The mountain had subsided to smoldering while I slept, and the next morning, it was time to go.
I ate green chili and made bad jokes, and the last part of Denver and Golden slipped away under Natasha's wheels like so much past. Instead of following I-70 west, I saw forecasts of snow and went north and then west instead, hoping (somewhat foolishly) that Wyoming would be kind to me.
When I talk about the drive west, I find myself talking about Wyoming and Reno the most. Wyoming, I had the most amazing sunset story and the worst weather story. Reno… well, Reno was like being slowly strangled to death.
Honestly, once the winds hit north of the Colorado border, I should have turned back. But I didn't want to lose any time on my trip westwards towards San Francisco, and I really didn't want to go through Texas. Cutting west through Colorado was a non-starter - at least there was no snow forecast for Wyoming.

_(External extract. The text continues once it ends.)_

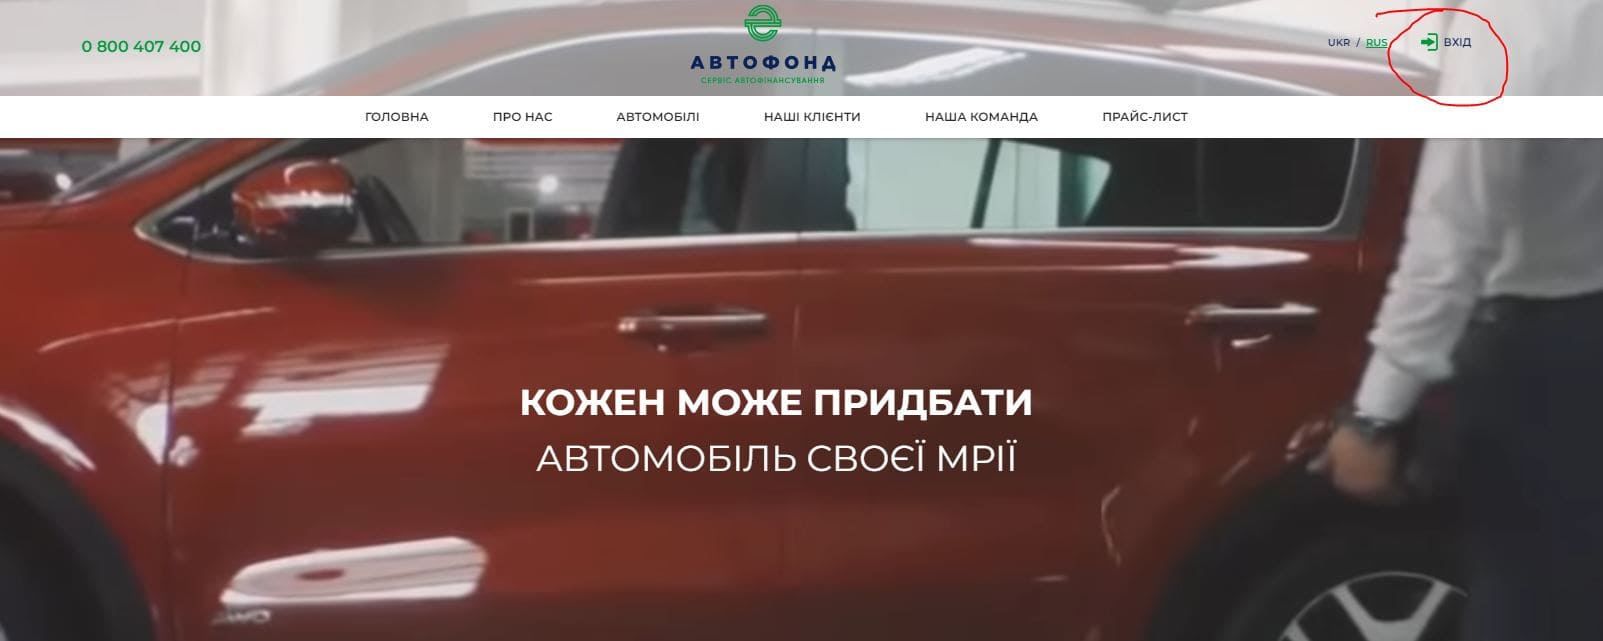 Автофонд (avtofond.com.ua)

I should know better than to trust good weather to hold.
The wind howled over I-25 and I-80 like something living and vengeful. I ignored it and drove west, up through the flurries, through Buford, through the first of many passes. I'd gone across buttes and lowlands, as much as the state has lowlands, when the blizzard hit.
Natasha is not ideal for wintry roads. A rear wheel drive pickup, she has nothing heavy in the back, and at that time, no chains. For two hours, then, I was marooned on I-80 in a mountain pass near Arlington, a tiny town with not even a gas station to mark it. Outside, the wind whipped the snow into a whiteout conditions. The tractor trailers, still on either side, were emptying. Some of the truckers walked their dogs: others simply shuffled out a bit to use the bathroom in the ditch.

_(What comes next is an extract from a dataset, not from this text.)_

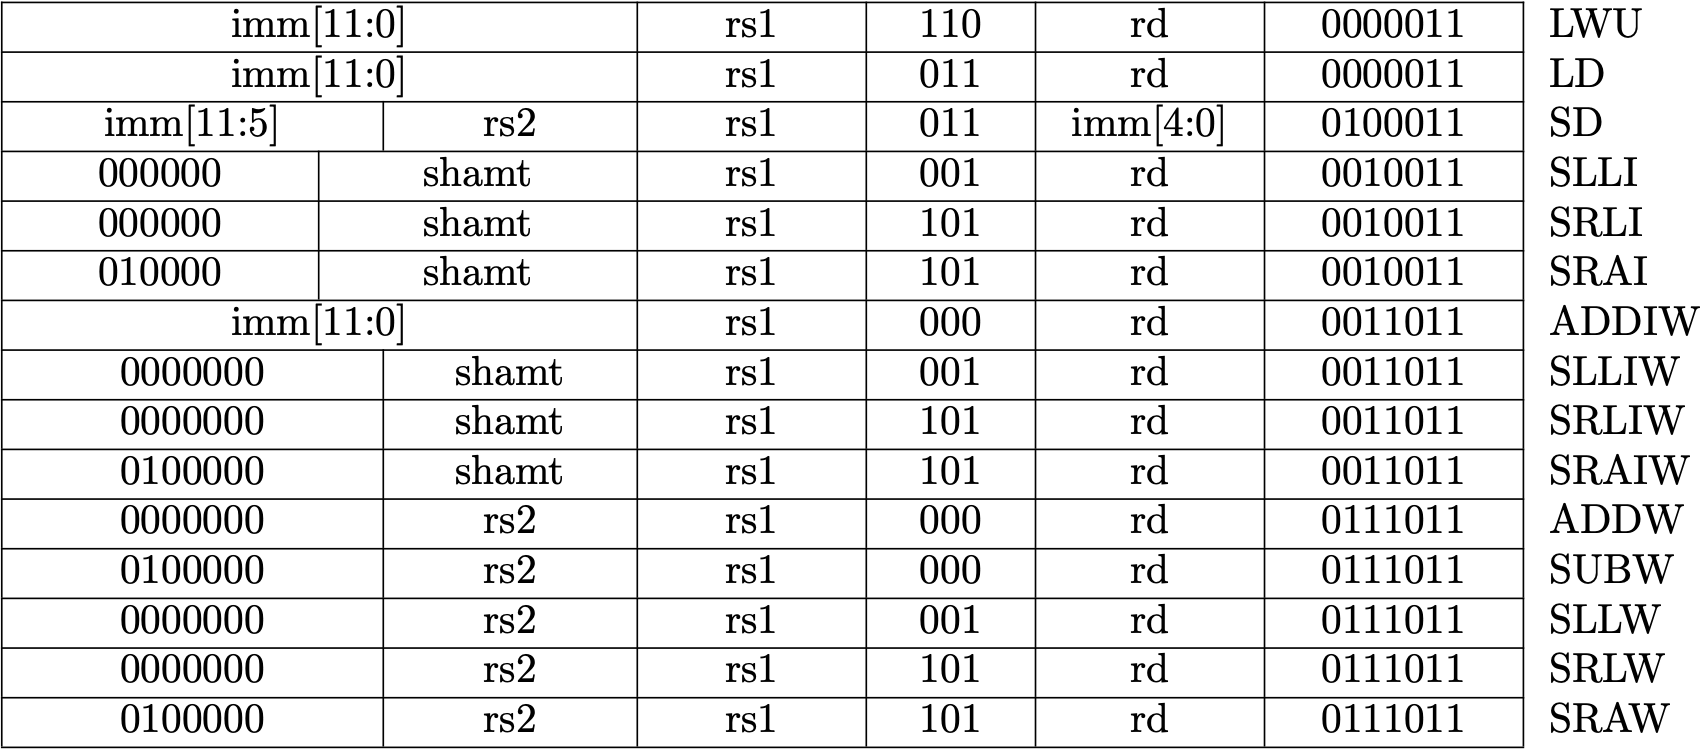 Fig 1.2 RV64I Base Instruction Set (Source: RV64I Base Instruction Set table in Volume I: Unprivileged ISA)

I gnawed my fingernails and swore softly. Claustrophobia kicked in after the first hour and subsided within half of that. I shut the truck off for a bit and let it sit, cooling, while I wrapped myself in a blanket and hoped. After another hour, I turned it back on to warm up.
Twenty minutes later, the semi in front of me begin to move.
The line of trucks crawled west, and I followed, slipping and sliding on the ice from lane to barely-plowed lane. In time, we passed another truck, jackknifed off to the side and in the ditch. Past it, I-80 slumped down, and the snow slowly passed until there was nothing more than wind, and then, signs for a federal penitentiary.
I stopped for food and gas, and the woman at the counter eyed me. "Just you alone, then?" Yes ma'am. "Well, don't you be picking up any hitchhikers." Oh, no, ma'am.
In Nebraska, in Wyoming, in rural Colorado, the clear subtext of almost every single one of my conversations had the ring of "you ain't from 'round here, are you?" I didn't get too many stares for the Virginia plates, but I did get some rather long, considering stares from clerks.
This particular one seemed to be wondering if I was an escapee from the jail. I bought my gas and moved on.
My appetite for trouble was severely depleted by this point.
Onwards. The sky was green and blue and intensely purple with crimson and gold highlights. The sun was going down ahead in a pillar of brilliant scarlet fire that spilled over the road and made sharp, stylized paintings of the Wyoming landscape. The lines of the buttes became folds in origami paper, then watercolor impressions.
I pulled off at the first McDonald's for WiFi. The rest of the passes were clear, and once my hands stopped shaking, I continued west and then south, cutting down through the mountains again to Salt Lake City and a place to sleep.
By this time, I was praying for a smooth ride through to the coast. Whatever I was praying to didn't answer.